Name: Jesús Cerquides Bueno
Member since: 2001-11-10 10:44:29
Last Login: 2008-01-13 18:43:09
Homepage: http://www.maia.ub.es/~cerquide
Notes: I started programming many years ago in a set of public computers (Apple II) in a public library. I had to reserve the computer three days in advance, just for one our. They were about one our walking distance from home, so I spent more time getting there and back than actually programming. After that Dad bought that old Spectrum 48K, and then the first PC.
Of course I studied Software Engineering, after seeing "Wargames". What I did not have clear is whether I wanted to be David Lughtman or Professor Falken, so I think I share a bit of both.
After finishing my degree I entered the IIIA (Artificial Intelligence Research Institute) for a PhD in AI. Then I jumped to Ubilab a Industrial Research Lab in Switzerland and then I co-founded iSOCO where I was Chief Technology Officer for three years. That meant little time for coding and a lot of time devoted to management so I decided to go back to academia and accepted a position at Universitat de Barcelona where I finished my PhD in December 2003.

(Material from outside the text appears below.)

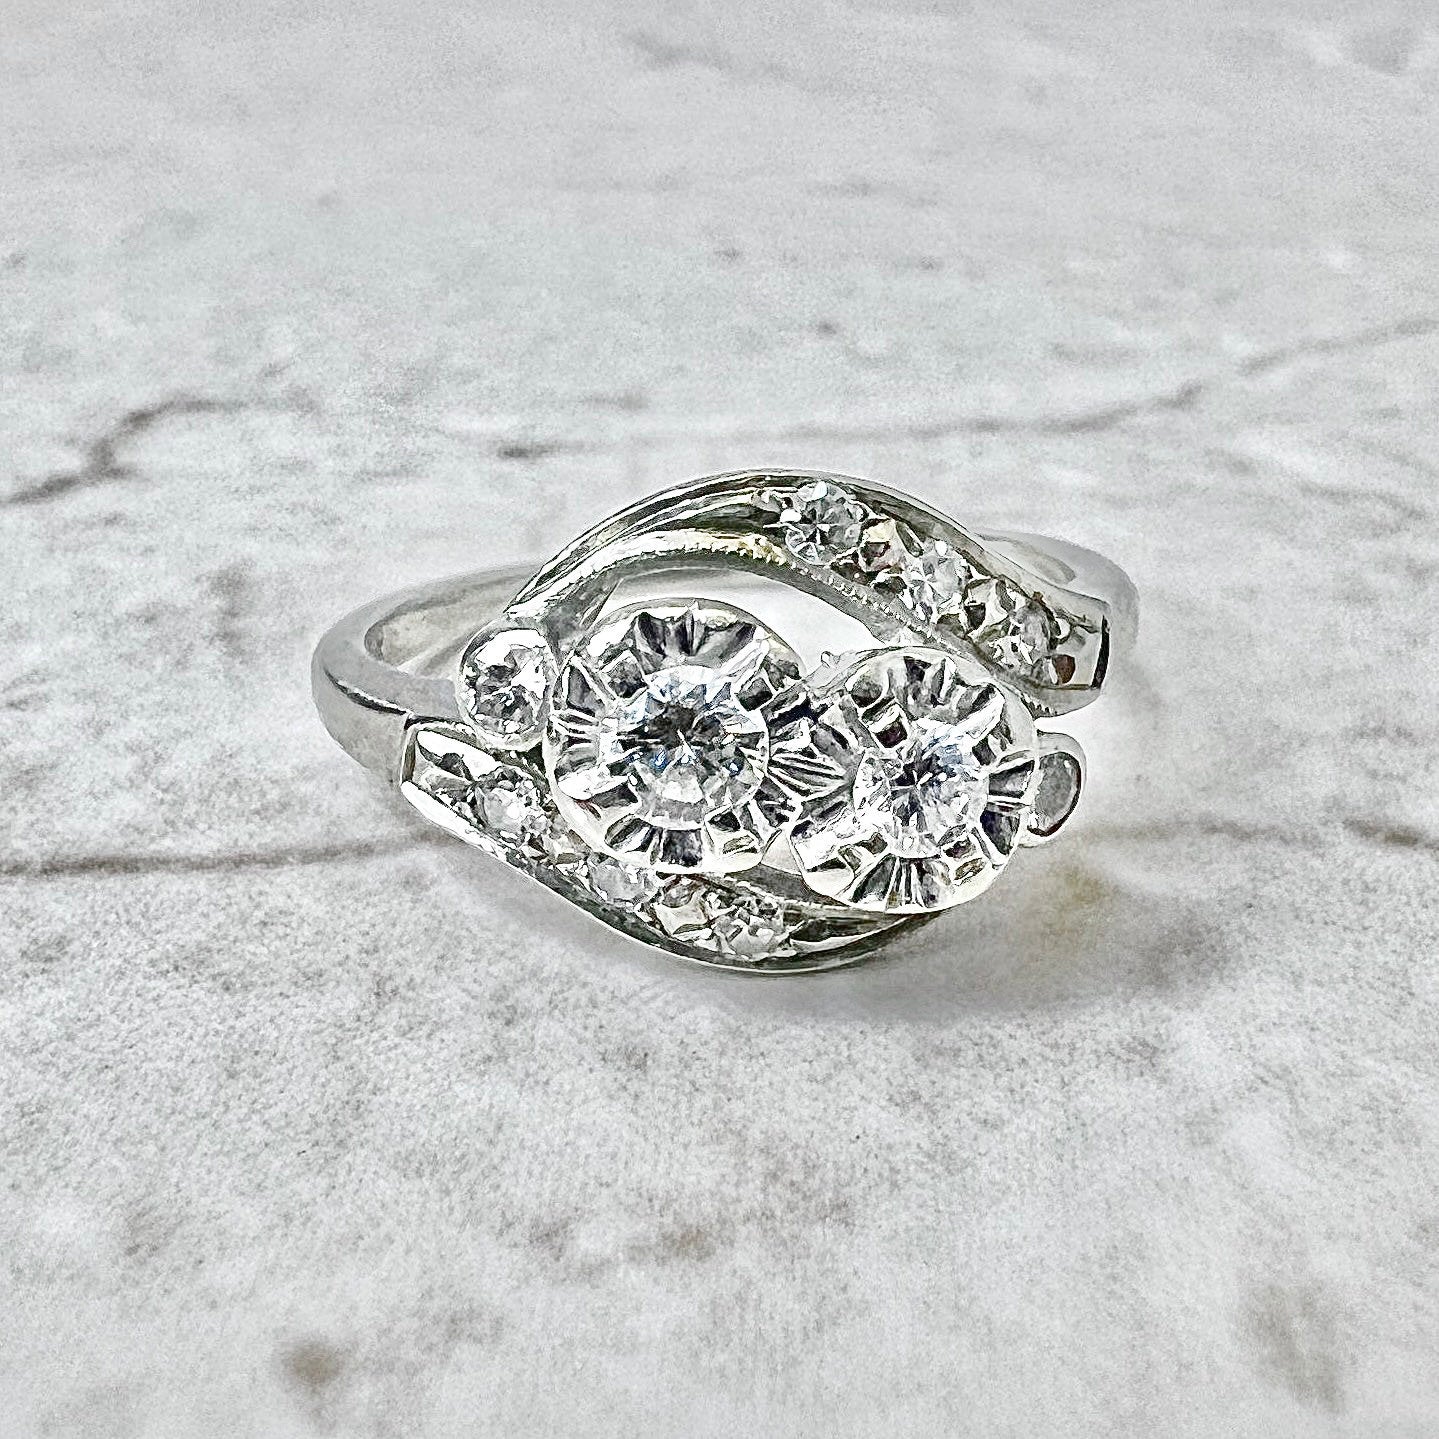 Vintage 14K Toi Et Moi Diamond Ring - White Gold Bypass Ring - 2 Stone Ring - Best Gifts For Her - Valentine’s Day Gifts - Promise Ring

I am currently teaching Software Engineering, Scripting Languages, Databases and Network Programming
Feel free to contact me at cerquide ensaimada iiia.csic.es (replace "ensaimada" by @).
Lately I am getting addicted to google videos. There are extremely nice videos on the educational track. A nice example is the talk about Human computation by Luis van Ahn.
11 Dec 2005 (updated 11 Dec 2005 at 11:46 UTC) »
The idea is to ease the automation of the development of sites where you can come to a page from several other pages and the usual behaviour is that you go back to the page from where you came.
It is my first Rails dev.
4 Dec 2005 (updated 4 Dec 2005 at 10:37 UTC) »
Lately I have been playing with several things:
I have connected to trabber. It is worth a try. Thanks to Óscar for developing it and sending an e-mail.
For unconfesable reasons, the last three days I have been trying to make a program that connects to a website in such a way that the owner is unable to distinguish it from a human. Maybe it seems obvious, but unless you have a very good knowledge of Internet Explorer or Mozilla internals + a good javascript interpreter this is very hard to do by coding (even using Perl's WWW::Mechanize). However, it is reasonably easy to do by using Internet Explorer as a component. This can be easily done using Python+win32com. So, I have learnt a bit of python and successfully developed the script. Furthermore, there is a nice tool named PAMIE that eases things even more. Well, the last three days I have been playing a bit with all these things, I must admit.
We (Francesc Sebastià and I) have developed a small program that allows a Windows user with the spanish keyboard to write polytonical greek. It is a nice tool that we hope we will be able to offer for free and open source (by now the Electra group is financing the development).